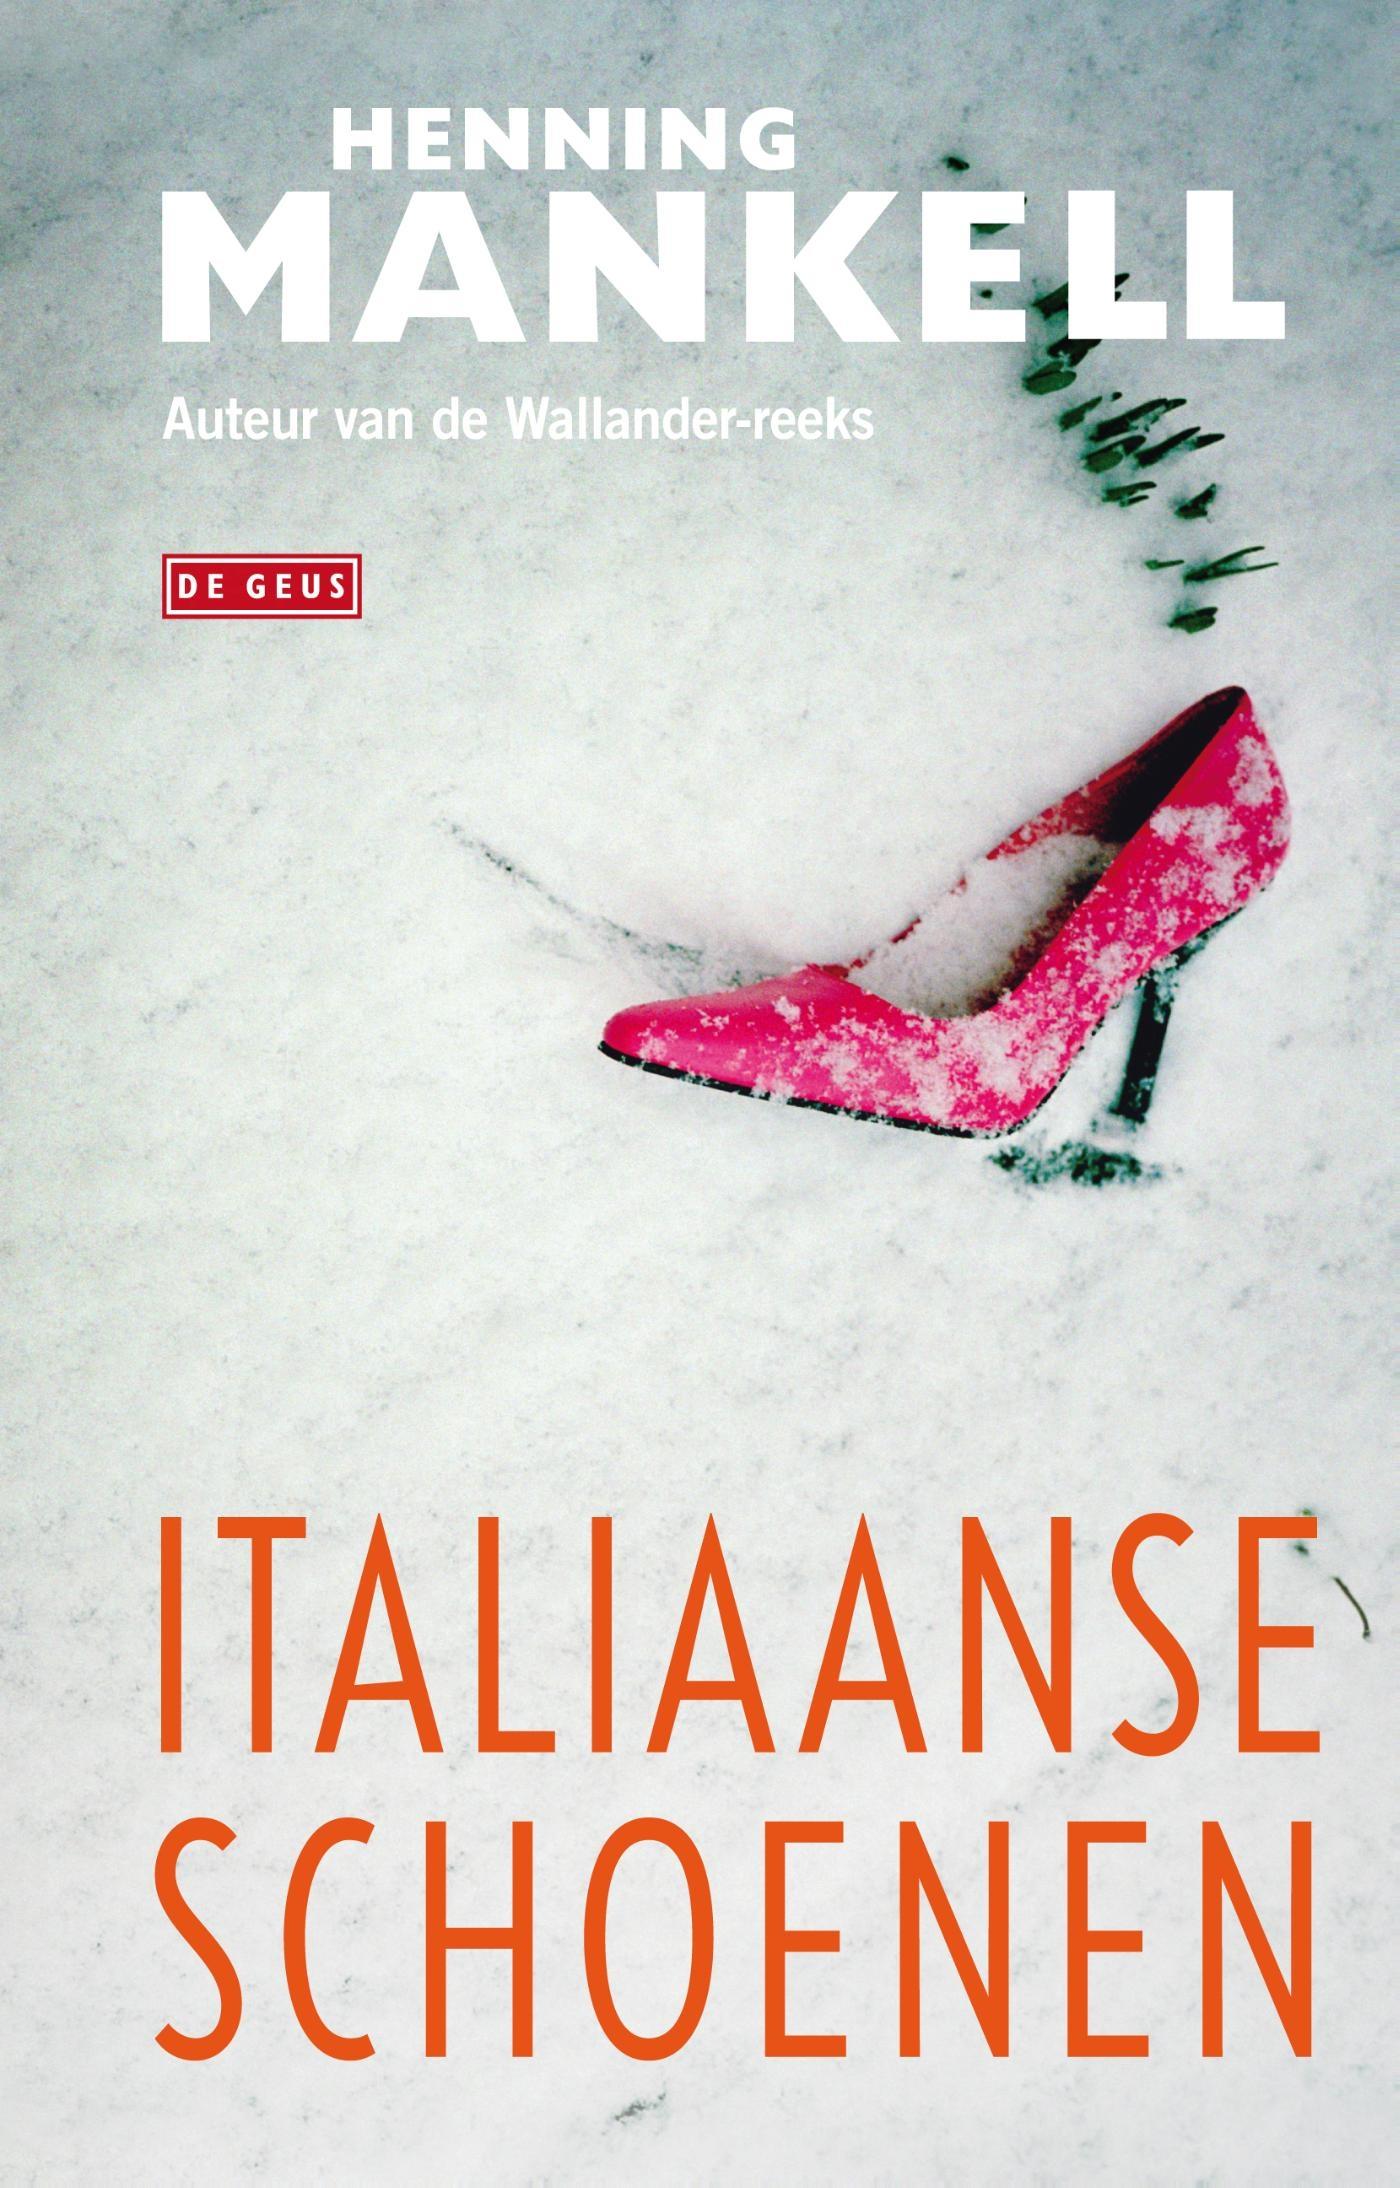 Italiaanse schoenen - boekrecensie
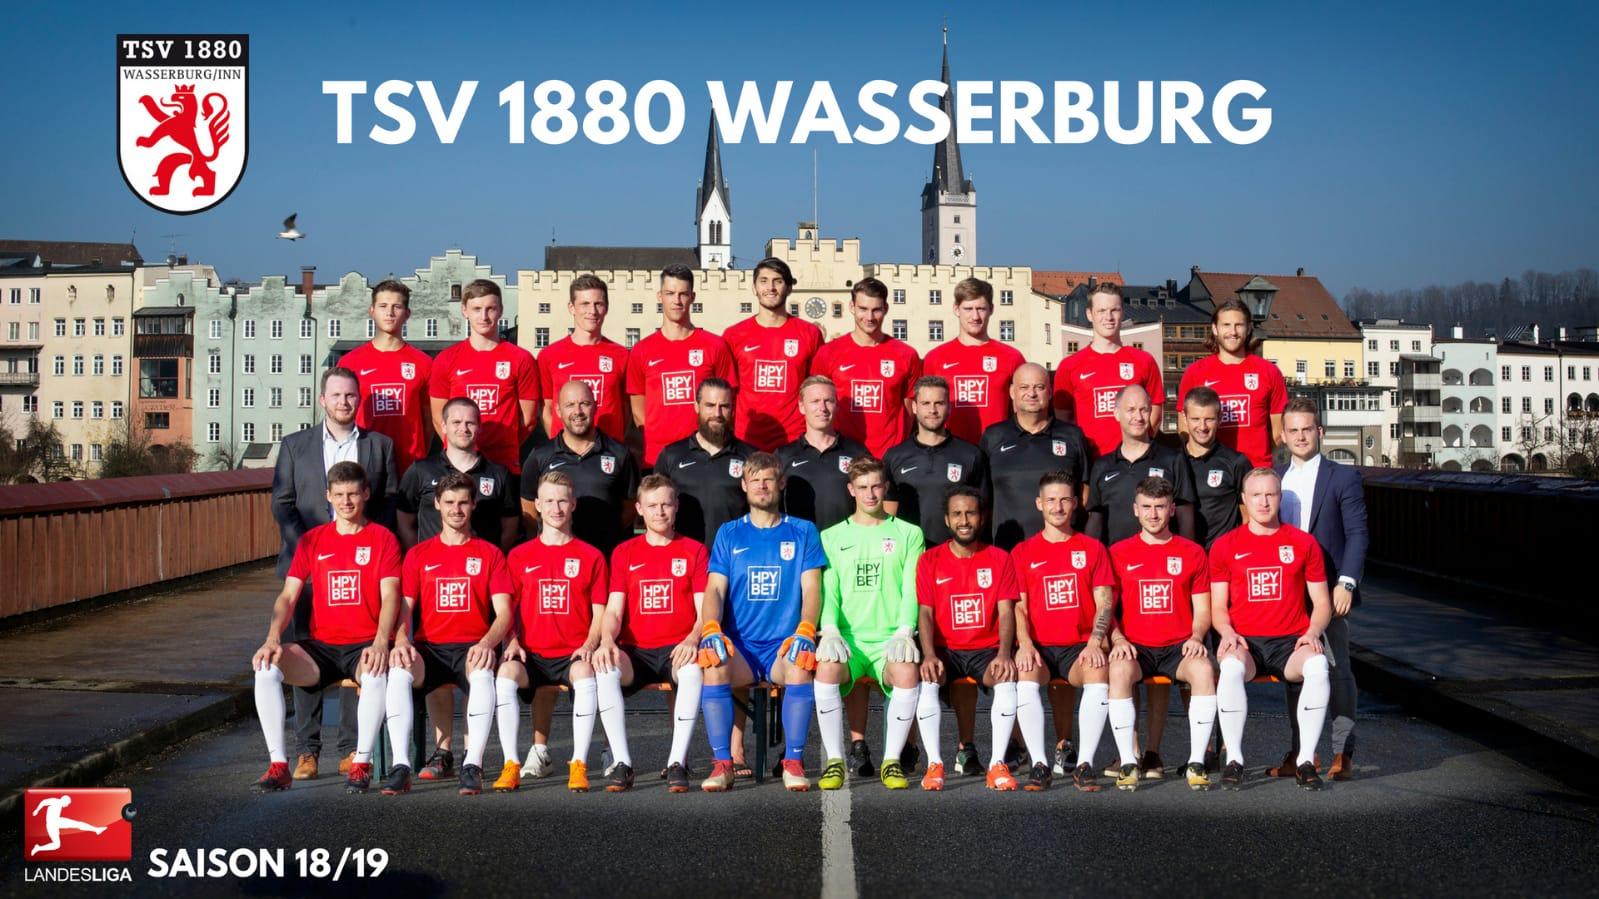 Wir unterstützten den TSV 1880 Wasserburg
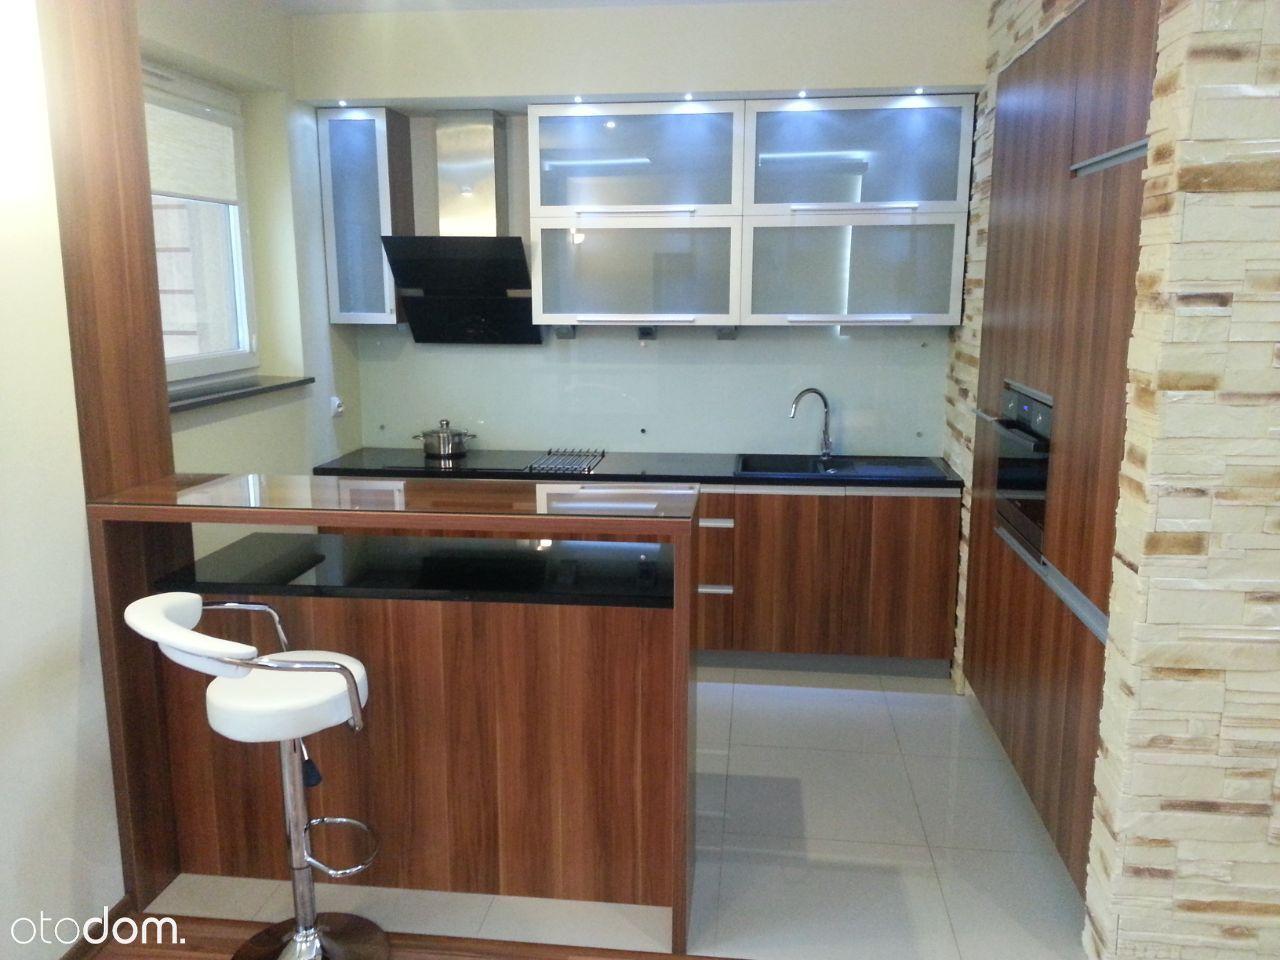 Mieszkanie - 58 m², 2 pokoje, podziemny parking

|---|

The whole listing must be transcribed exactly. No pictures belong in the copy.

 Italiaanse schoenen - boekrecensie
 Wir unterstützten den TSV 1880 Wasserburg
 Mieszkanie - 58 m², 2 pokoje, podziemny parking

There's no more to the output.